Bug #10792
openCrash when switching interface off and on again in cohesion with multicast
0%
Description
Hello,
There are still crashes when switching off and on (vlan)interfaces. One of those crashes seems to be triggered by PIMD/Multicast. So I opened a FeeBSD Bug. This one is FreeBSD bug 248243.
https://bugs.freebsd.org/bugzilla/show_bug.cgi?id=248243
Note that in general the number of crashes related to switching off and on (vlan)interfaces, is much better now than it was in the past months. So some one has allready fixed one or more issues :)
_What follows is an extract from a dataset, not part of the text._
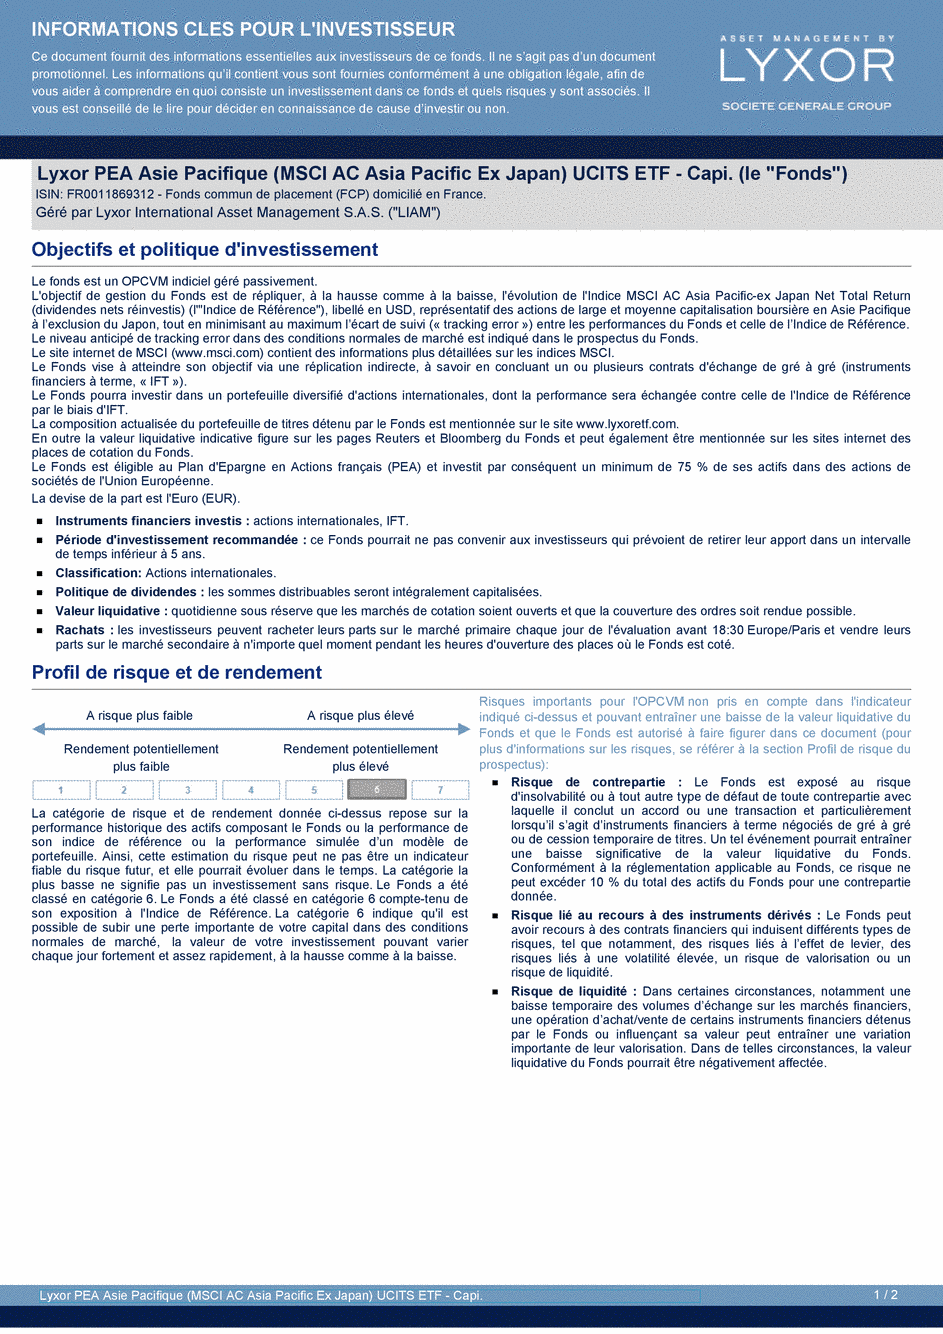 DICI Lyxor PEA Asie Pacifique (MSCI AC Asia Pacific Ex Japan) UCITS ETF - Capi. - 19/02/2021 - Français

For info, monitoring and follow up.
Louis
Copied from FreeBSD
I try to get PIMD running on latest pfSense release. One of the two problems I am facing is that FreeBsd as crashing as soon as I switch off and on again one of the interfaces, especially the interface being used as PIMD register_vif.
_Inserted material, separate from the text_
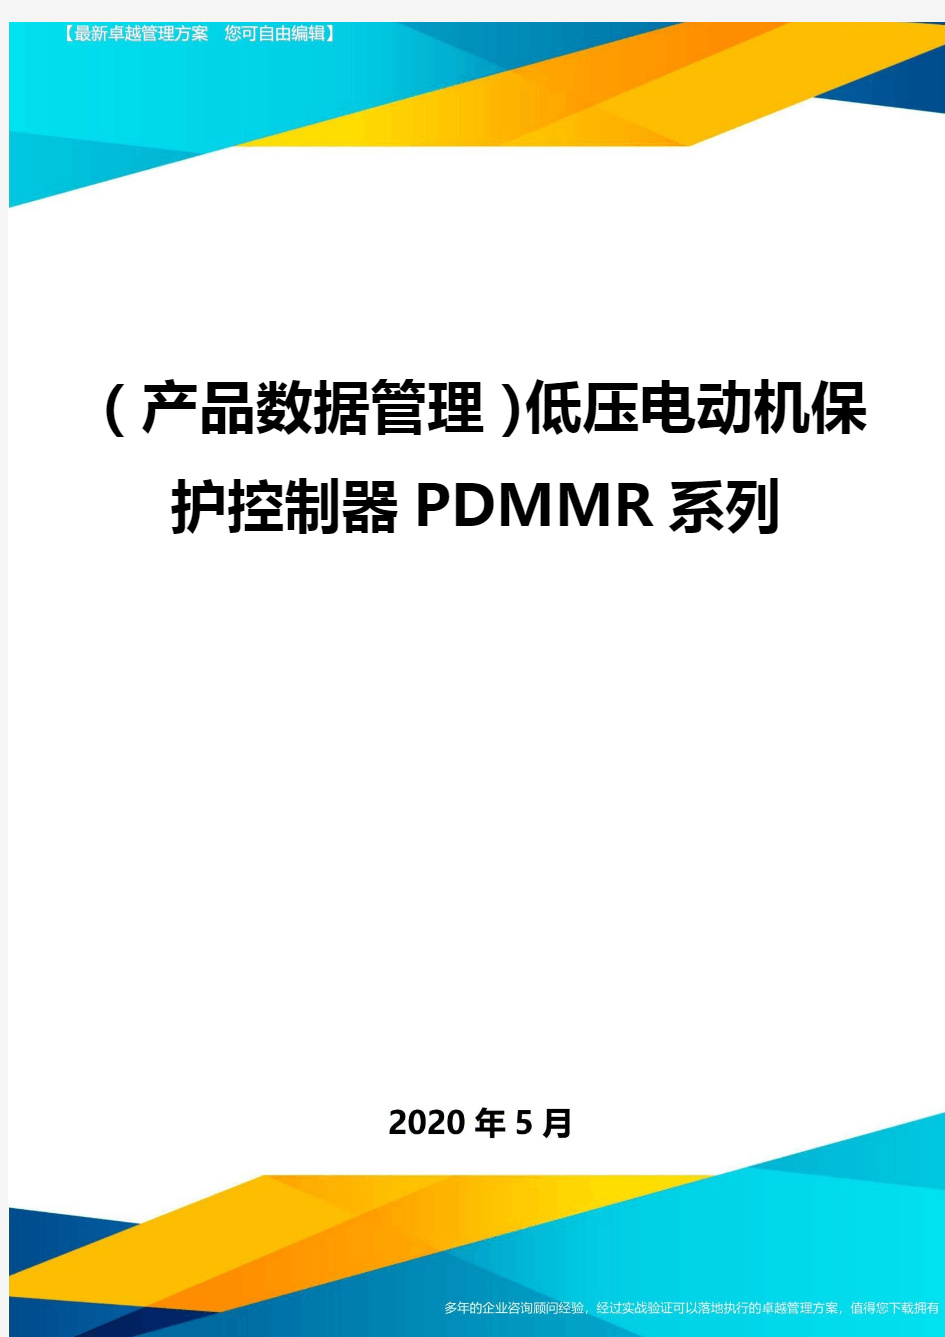 ( 产品数据管理)低压电动机保护控制器PDMMR系列

Hereby the relevant lines from "the core dump"
curthread = 0xfffff8000439f000: pid 12 tid 100040 "swi1: netisr 2"
Tracing pid 12 tid 100040 td 0xfffff8000439f000
kdb_enter() at kdb_enter+0x37/frame 0xfffffe00004de4b0
vpanic() at vpanic+0x197/frame 0xfffffe00004de500
panic() at panic+0x43/frame 0xfffffe00004de560
trap_fatal() at trap_fatal+0x391/frame 0xfffffe00004de5c0
trap_pfault() at trap_pfault+0x4f/frame 0xfffffe00004de610
trap() at trap+0x286/frame 0xfffffe00004de720
calltrap() at calltrap+0x8/frame 0xfffffe00004de720
***--- trap 0xc, rip = 0xffffffff80e934f5, rsp = 0xfffffe00004de7f0, rbp =
0xfffffe00004de7f0 ---***
if_inc_counter() at if_inc_counter+0x15/frame 0xfffffe00004de7f0
if_simloop() at if_simloop+0xd1/frame 0xfffffe00004de830
pim_input() at pim_input+0x409/frame 0xfffffe00004de890
encap_input() at encap_input+0xd1/frame 0xfffffe00004de900
encap4_input() at encap4_input+0x28/frame 0xfffffe00004de930
ip_input() at ip_input+0x168/frame 0xfffffe00004de9e0
swi_net() at swi_net+0x12b/frame 0xfffffe00004dea50
ithread_loop() at ithread_loop+0x23c/frame 0xfffffe00004deab0
fork_exit() at fork_exit+0x7e/frame 0xfffffe00004deaf0
fork_trampoline() at fork_trampoline+0xe/frame 0xfffffe00004deaf0
IMHO the problem is like this:
- pim is asking som info from underlying core
- that is translated into a trap
- the trap is not handled correctly and/or parameters are not correct
- the trap is handeld by thread 12 "swi1: netisr 2"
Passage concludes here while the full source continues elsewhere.